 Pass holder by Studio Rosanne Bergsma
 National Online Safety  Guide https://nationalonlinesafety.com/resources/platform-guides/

_____

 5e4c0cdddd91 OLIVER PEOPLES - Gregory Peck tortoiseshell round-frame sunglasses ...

_____

__Action item__. The answer is the run of lines above from the line containing "Pass holder by Studio Rosanne Bergsma" through the line containing "National Online Safety", copied exactly and alone.

__Result for this exercise__.
 Pass holder by Studio Rosanne Bergsma
 National Online Safety  Guide https://nationalonlinesafety.com/resources/platform-guides/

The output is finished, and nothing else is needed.